Local banks, at which the delayed rules are targeted, have followed suit. DBS recently launched tokenised structured notes on Ethereum, expanding on its prior work with tokenised bonds, while other lenders have pursued pilot projects on asset tokenisation and stablecoin integration.


The changes are designed to clarify how banks account for cryptoassets in their capital, liquidity and large exposure frameworks, effectively integrating crypto exposures into existing prudential standards. MAS also proposed updates to the scope of eligible reserve assets for stablecoins and further defined how lower-risk and higher-risk cryptoassets should be treated on balance sheets.


However, industry participants argued that Singapore’s initial plan to adopt the measures in 2026 would make it one of the first jurisdictions to implement the Basel cryptoasset framework, potentially exposing local banks to regulatory disadvantages. Respondents also warned that the proposed risk classifications could unfairly penalize assets built on permissionless blockchains, stifling innovation.

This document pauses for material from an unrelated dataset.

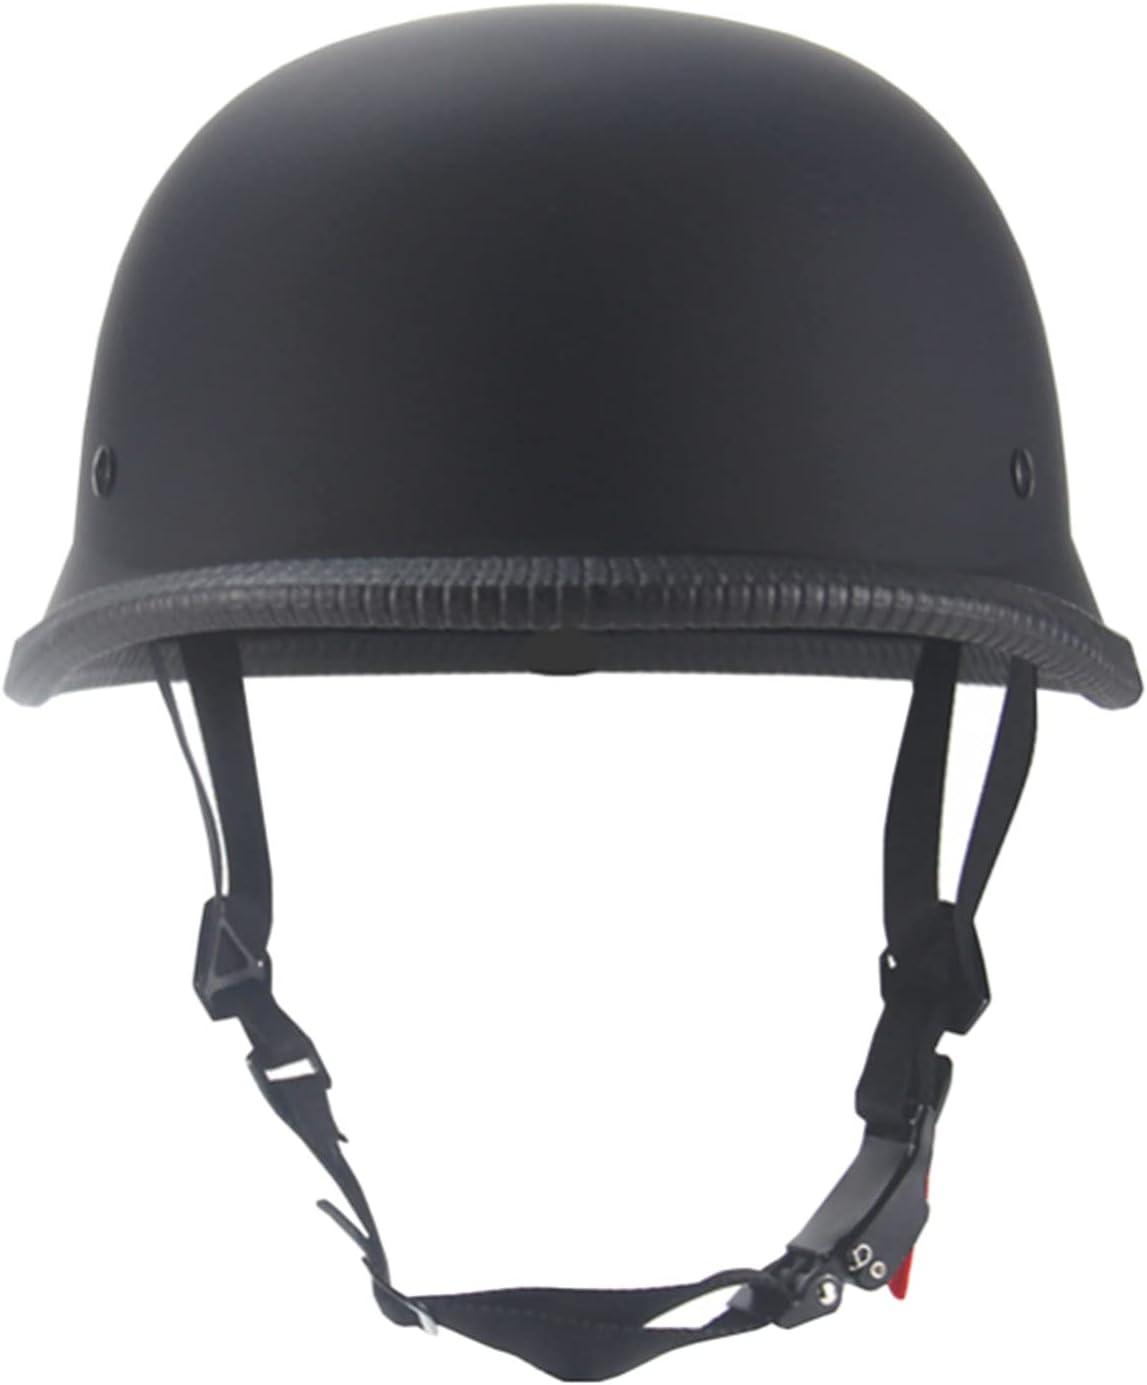 Fashionable LTJLBHJ Skateboard Helmet Racing Brand new Motorcycle Cap Modeling
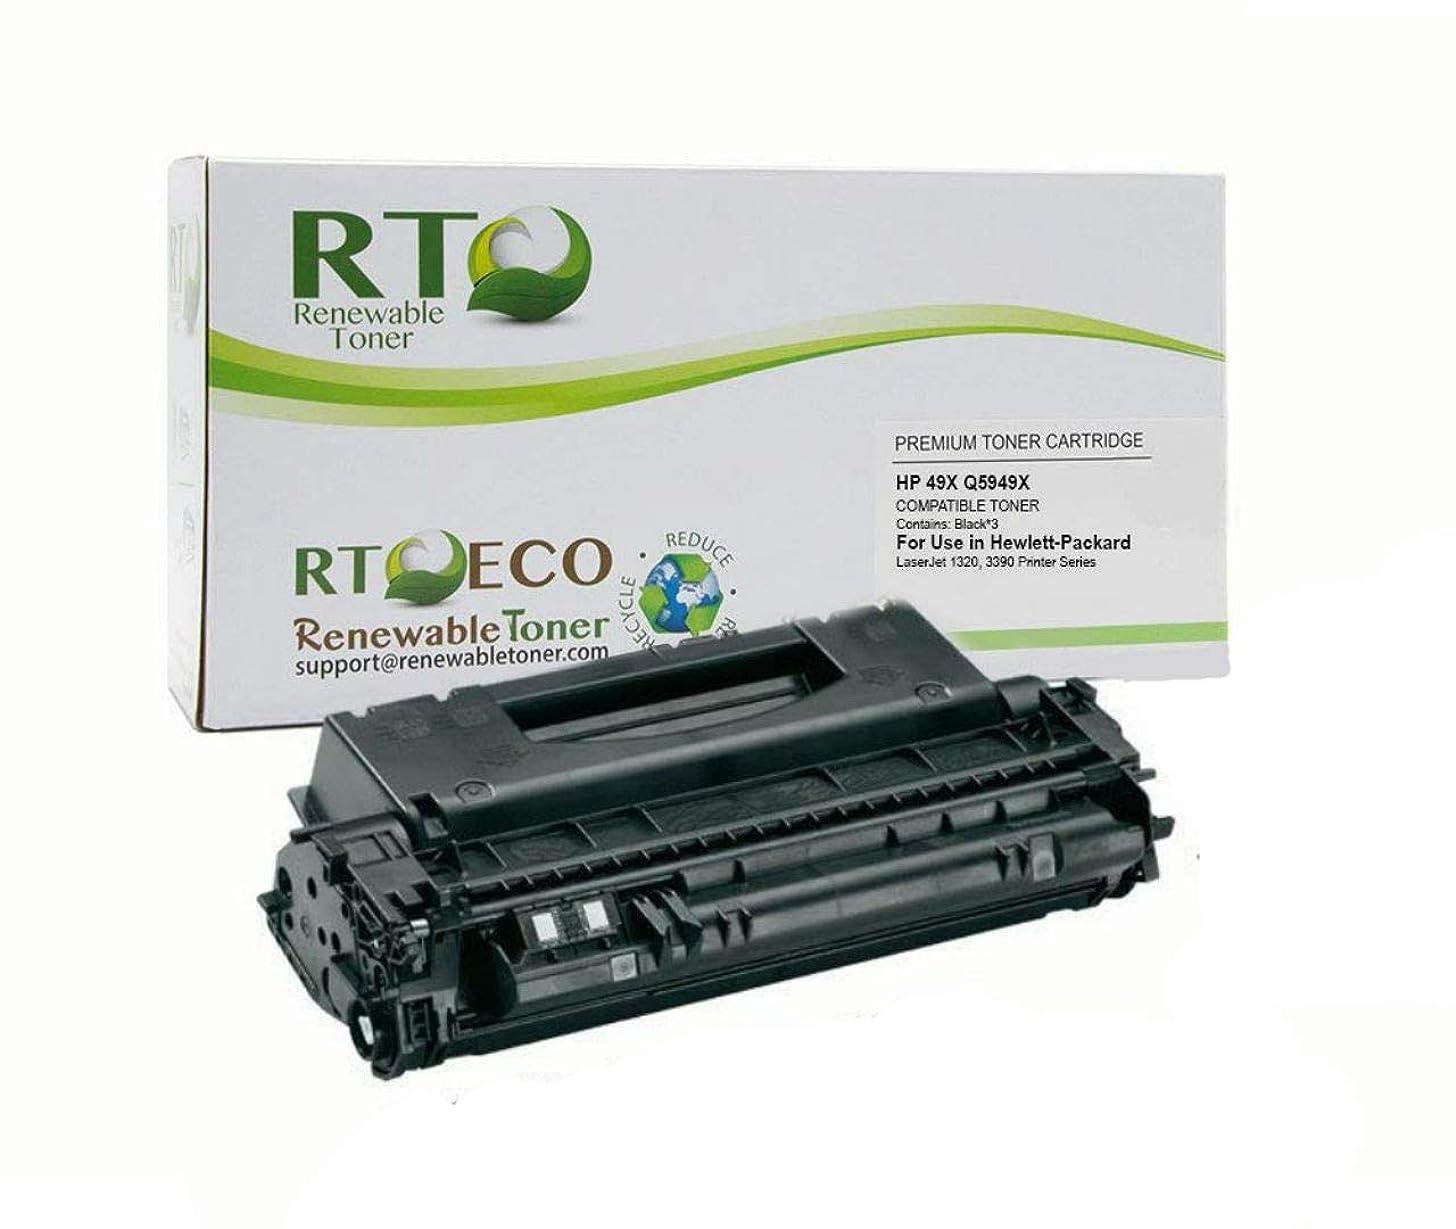 Renewable Toner Compatible High Yield Toner Cartridge Replacement for HP 49X Q5949X Laserjet 1320 3390 3392

Among those responding to MAS’s consultation was Coinbase, whose Singapore Country Director Hassan Ahmed said the regulator’s prudential requirements were aimed at strengthening banks’ risk frameworks but might lead to overcapitalisation.





“MAS has always prioritised user protection through cautious and measured regulation, and its latest response is another instance of this posture. Singapore has also been consistently pragmatic in finding the balance between innovation and protection," he told Decrypt.


"We are hopeful that this delay might signal a reconsideration of the contemplated prudential requirements in order for Singaporean institutions to better and more fully participate in innovative technology.”


Singapore faces competition


Ahmed added that while Singapore has long positioned itself as a Web3 hub, competition is intensifying. “Although Singapore was early, the global regulatory baseline has equalised since the passing of the GENIUS Act and with other leading hubs like Hong Kong, EU and UAE embracing this technology,” he said.


“Many markets are refining existing rules to be more inclusive and invite institutional and corporate participation - particularly with respect to stablecoins. We are also seeing leading economies embrace crypto technology as crucial to their national and strategic competitiveness.”